You can now commit the changes to git.

+---------------------------------------------------------------------+
|                                                                     |
|        DVC has enabled anonymous aggregate usage analytics.         |
|     Read the analytics documentation (and how to opt-out) here:     |
|              https://dvc.org/doc/user-guide/analytics               |
|                                                                     |
+---------------------------------------------------------------------+

What's next?
------------
- Check out the documentation: https://dvc.org/doc
- Get help and share ideas: https://dvc.org/chat
- Star us on GitHub: https://github.com/iterative/dvc

This populates the repository with a range of staged files – most of them are internal directories and files for DVC’s configuration.

### DVC
$ git status
On branch master
Your branch is up to date with 'origin/master'.

Changes to be committed:
  (use "git restore --staged <file>..." to unstage)
	new file:   .dvc/.gitignore
	new file:   .dvc/config
	new file:   .dvc/plots/confusion.json
	new file:   .dvc/plots/default.json
	new file:   .dvc/plots/scatter.json
	new file:   .dvc/plots/smooth.json
	new file:   .dvcignore

As they are only staged but not committed, we need to commit them (into Git):

### DVC
$ git commit -m "initialize dvc"
[master 15adabf] initialize dvc
 7 files changed, 131 insertions(+)
 create mode 100644 .dvc/.gitignore
 create mode 100644 .dvc/config
 create mode 100644 .dvc/plots/confusion.json
 create mode 100644 .dvc/plots/default.json
 create mode 100644 .dvc/plots/scatter.json
 create mode 100644 .dvc/plots/smooth.json
 create mode 100644 .dvcignore

The DVC project is now ready to version control data.

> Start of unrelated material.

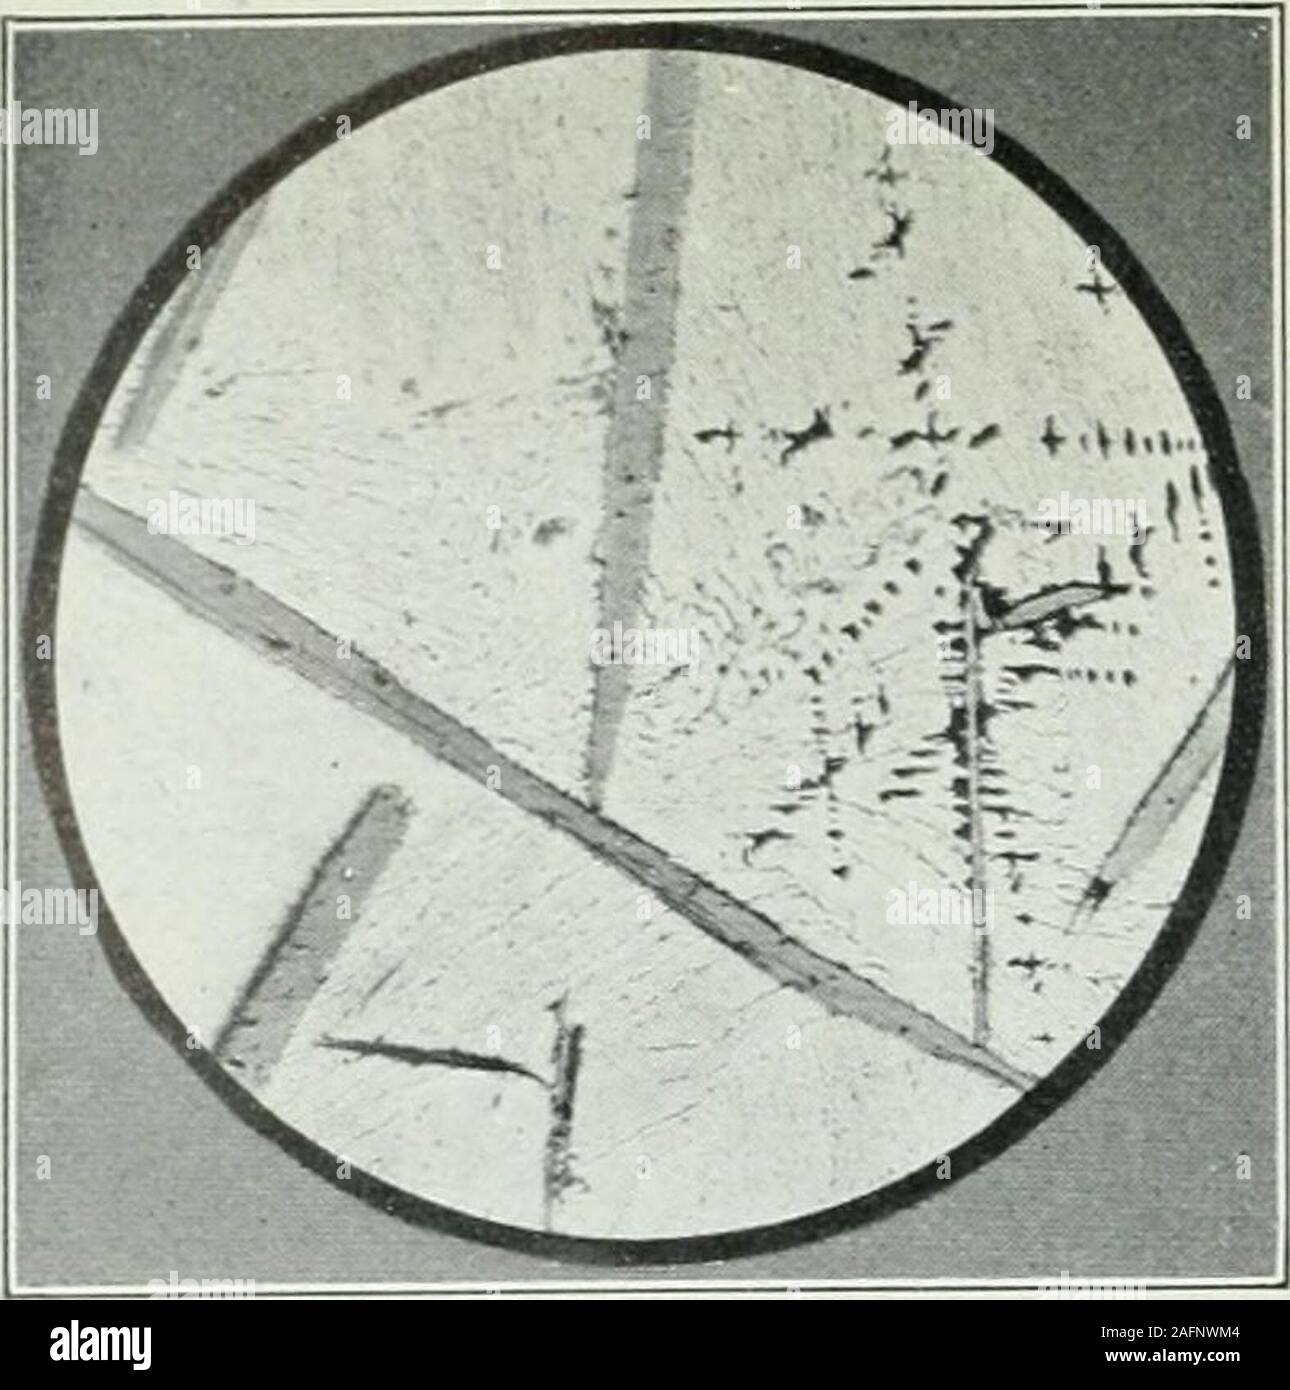 Transactions Fig 6 X 100 Etched With Dilutehno3 Crystallite Fecj Surround Ed By Fe C Passing Into Dendritessurrounded By The Eutectic Likeconstituent Fe C A Fe C Fig 7 X 100 Etched With Hno3 1 4
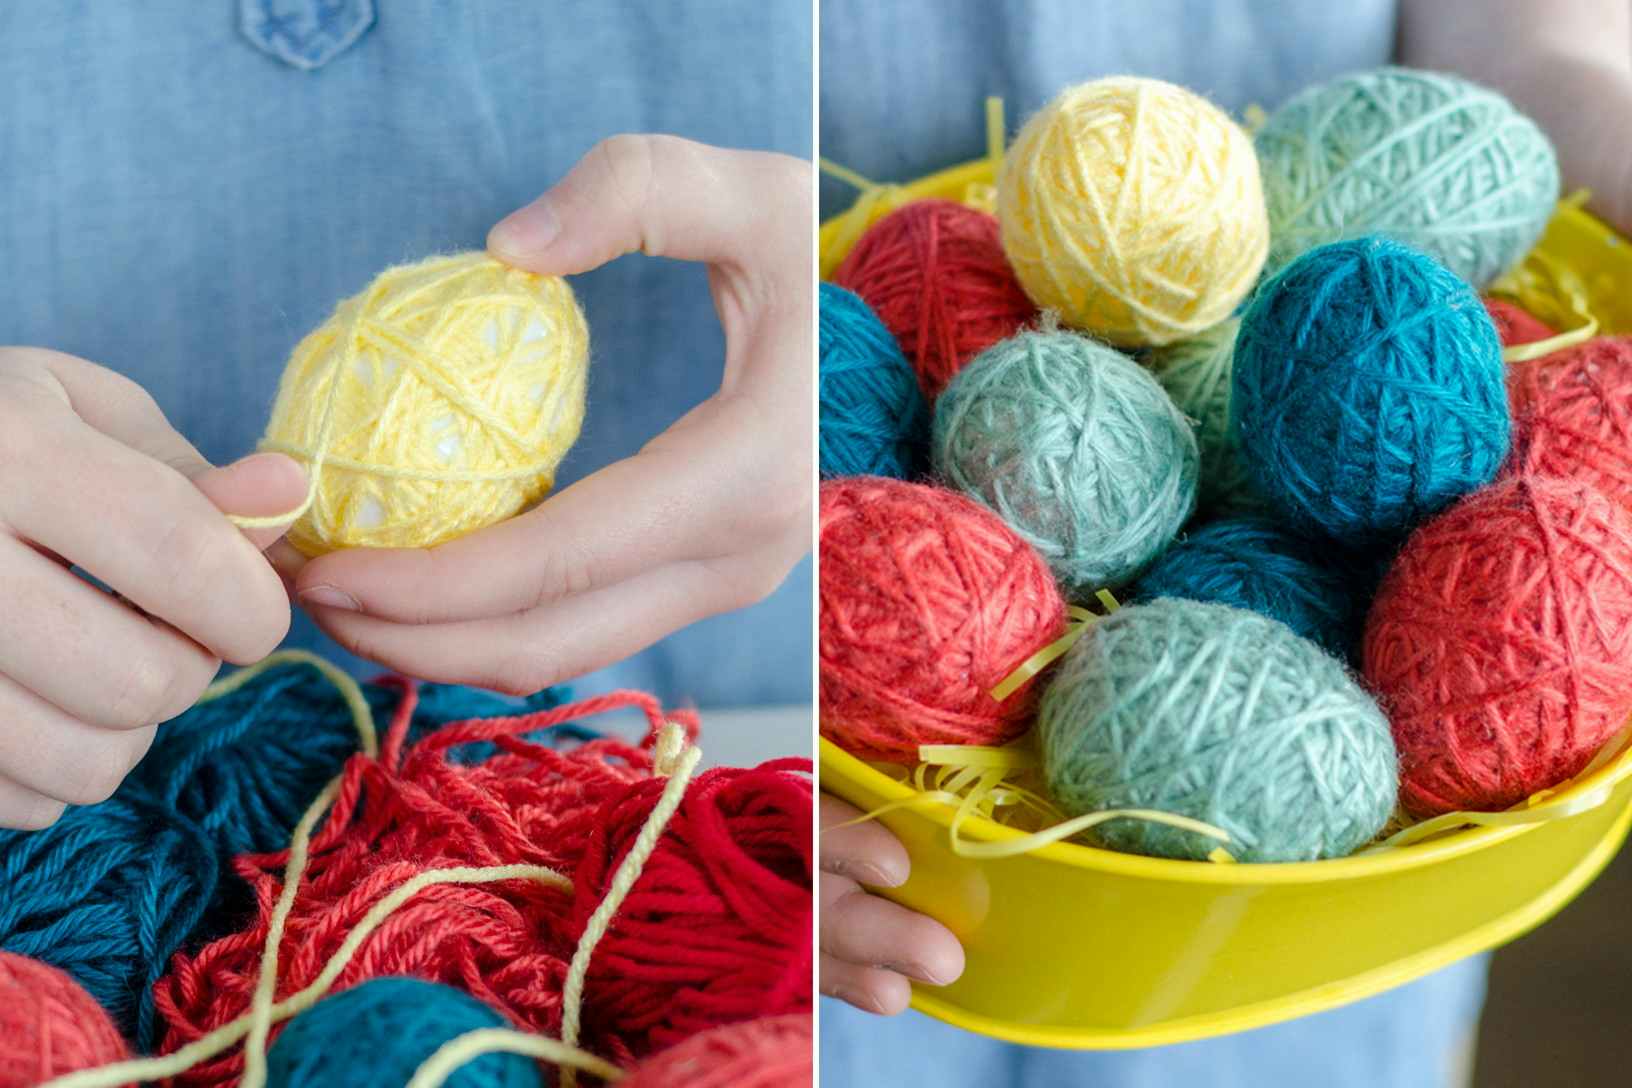 Wrap plastic Easter eggs in yarn for colorful decor.

In the tutorial, data comes from the “Imagenette” dataset. First, the data needs to be downloaded from an Amazon S3 bucket as a compressed tarball and extracted into the data/raw/ directory of the repository.

### DVC
# download the data
$ curl -s https://s3.amazonaws.com/fast-ai-imageclas/imagenette2-160.tgz \
          -O imagenette2-160.tgz
# extract it
$ tar -xzf imagenette2-160.tgz
# move it into the directories
$ cp -r imagenette2-160/train data/raw/
$ cp -r imagenette2-160/val data/raw/
# remove the archive and extracted folder
$ rm -rf imagenette2-160
$ rm imagenette2-160.tgz

The data directories in data/raw are then version controlled with the dvc add command that can place files or complete directories under version control by DVC.

### DVC
$ dvc add data/raw/train
$ dvc add data/raw/val

To track the changes with git, run:

	git add data/raw/.gitignore data/raw/train.dvc

To track the changes with git, run:

	git add data/raw/.gitignore data/raw/val.dvc

Here is what this command has accomplished: The data files were copied into a cache in .dvc/cache (a non-human readable directory structure based on hashes similar to .git/annex/objects used by git-annex), data file names were added to a .gitignore4 file to become invisible to Git, and two .dvc files, train.dvc and val.dvc, were created5. git status shows these changes:

### DVC
$ git status
On branch master
Your branch is ahead of 'origin/master' by 1 commit.
  (use "git push" to publish your local commits)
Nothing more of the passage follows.